Después de publicar Terra nostra y renunciar a la
embajada en París, Fuentes se quitó el maquillaje de
Norman Cohn, Cervantes, Frances Yates, Américo
Castro, James Joyce etc... Bajó del escenario, apagó
las luces y salió de incógnito a caminar la ciudad de
México. Un verso de Octavio Paz sobre el rompimiento
mítico de la ciudad azteca le vino a la memoria: agua
quemada. Y un pasaje de Alfonso Reyes:
¿Es esta la región mas transparente del aire? ¿Qué habéis
hecho, entonces, de mi alto valle metafísico?

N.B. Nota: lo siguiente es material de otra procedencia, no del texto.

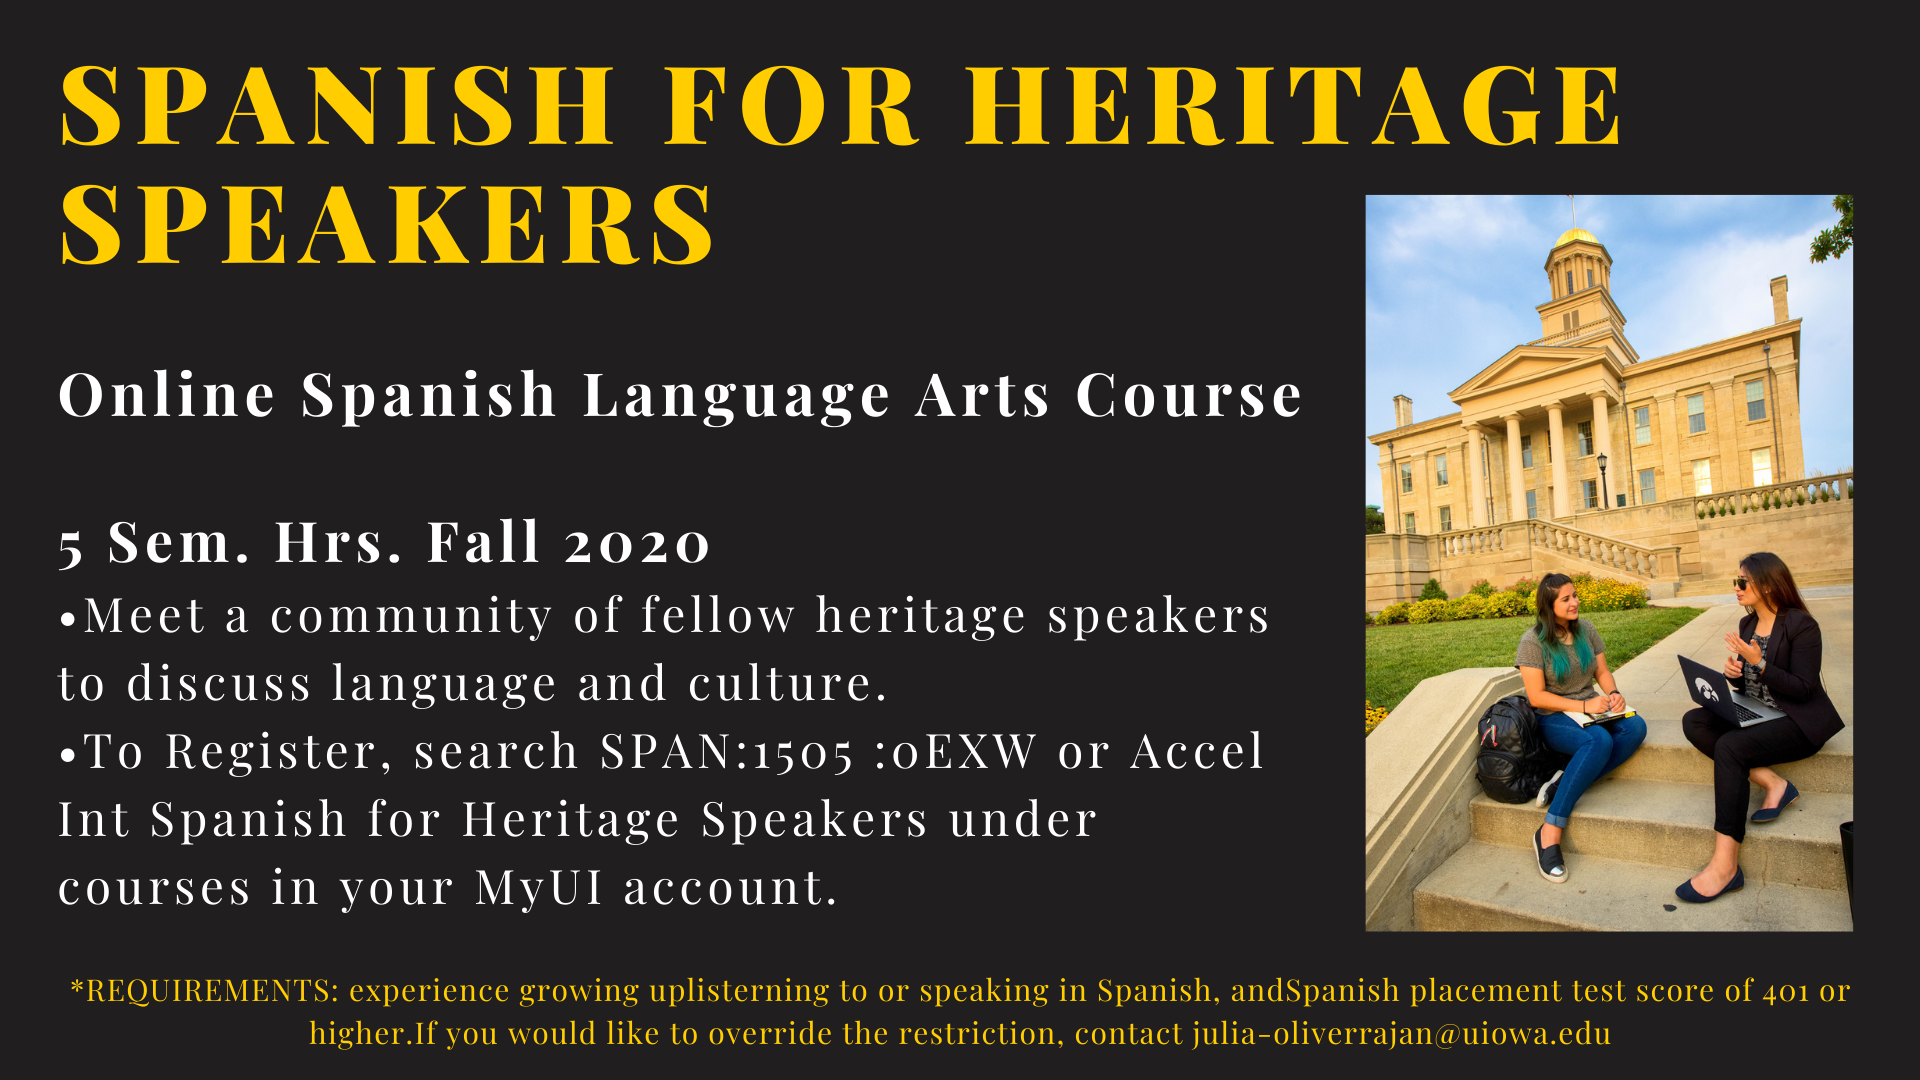 spanish for heritage speakers online spanish language arts course 5 semester hours offered in Fall 2020
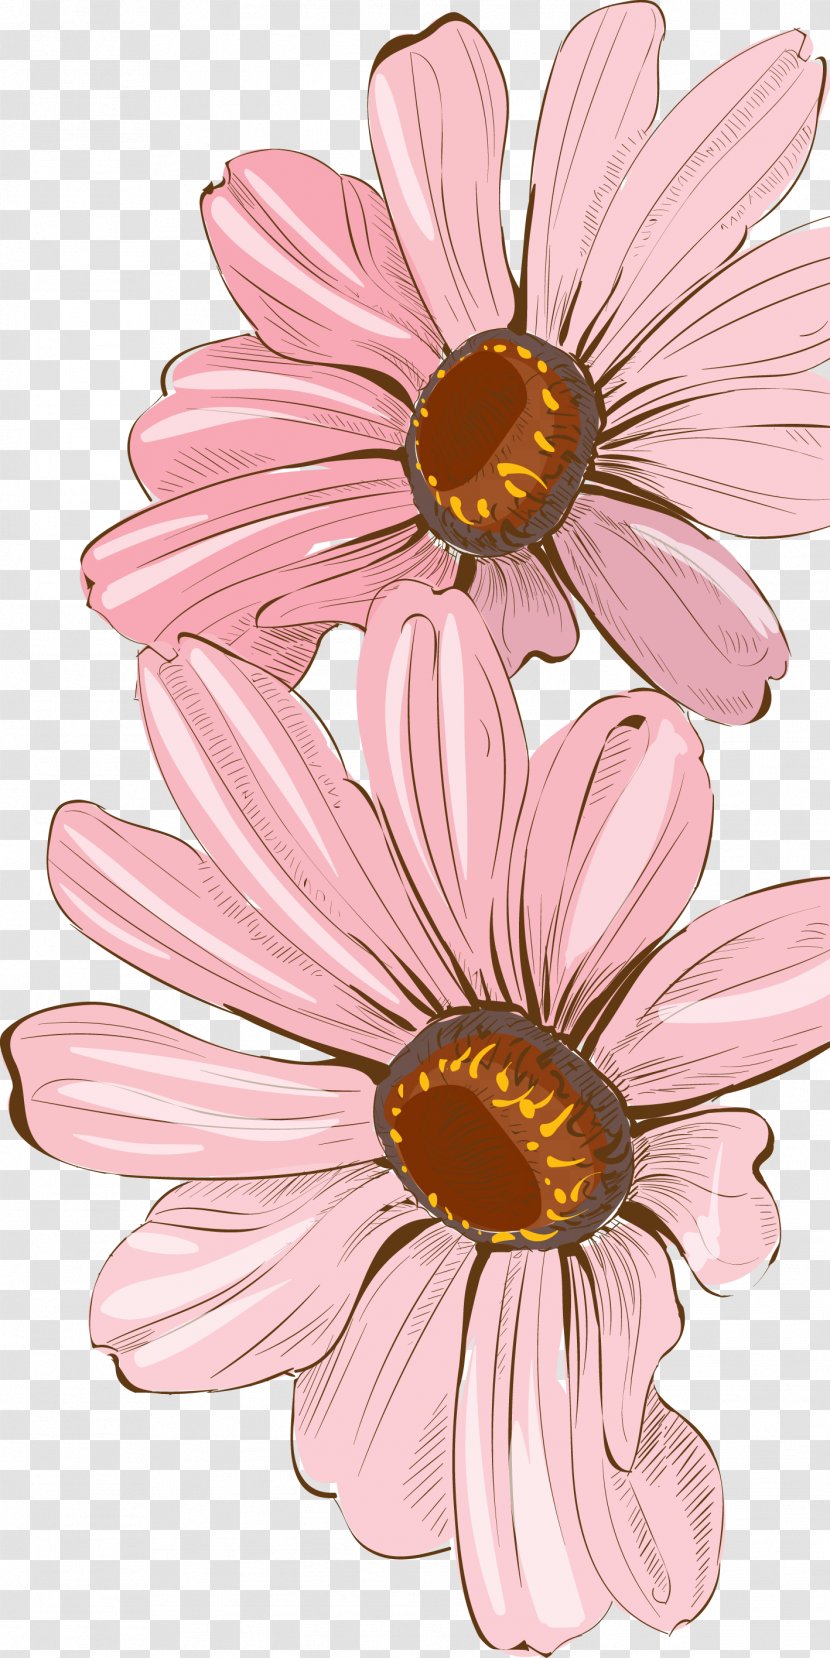 Drawing Watercolor Painting Floral Design - Flowering Plant - Fresh Painted Decoration Transparent PNG

En Agua quemada Fuentes no representa a nadie
más que a si mismo. No la escribe su personaje sino
su persona. Su gran oficio de escritor puesto al
servicio de una exploración auténtica sobre el trágico
deterioro de la ciudad que amó. En estos cuatro
cuentos perfectos Fuentes no es el procesador literario
que toma de todas partes menos de su corazón.
De pronto, en un parentesis, Fuentes no teme hacer
“subjetivismo psicologizante” y crea personajes que
se atreven a la ternura, al amor filial, a la piedad,
al odio más animal, sobrevivientes dignos de aquel
alto Valle metafísico. Hay una pobre vieja rodeada
de perros que recuerda los antiguos palacios en ruinas
y hay un niño invalido que la escucha. Un aristócrata
criollo se aferra al mundo decorativo de su
casa localizada en un pudridero real, hecho de violencia,
droga, un nido de ratas que no lo vence: lo
devora. Hay un viejo general más verosímil literariamente
que Artemio Cruz, sus entrañas se rompen,
sus recuerdos encarnan desde dentro y producen
mentadas, borracheras y violencias genuinas.
Y en “El hijo de Andrés Aparicio”, hay la carrera
vital de un lumpen que se vuelve guarura. Aquí la
ciudad no es irreal ni puramente auditiva. Es una
ciudad que duele, visceral. Aquí la extraordinaria
recreación del lenguaje no es el fin sino el medio.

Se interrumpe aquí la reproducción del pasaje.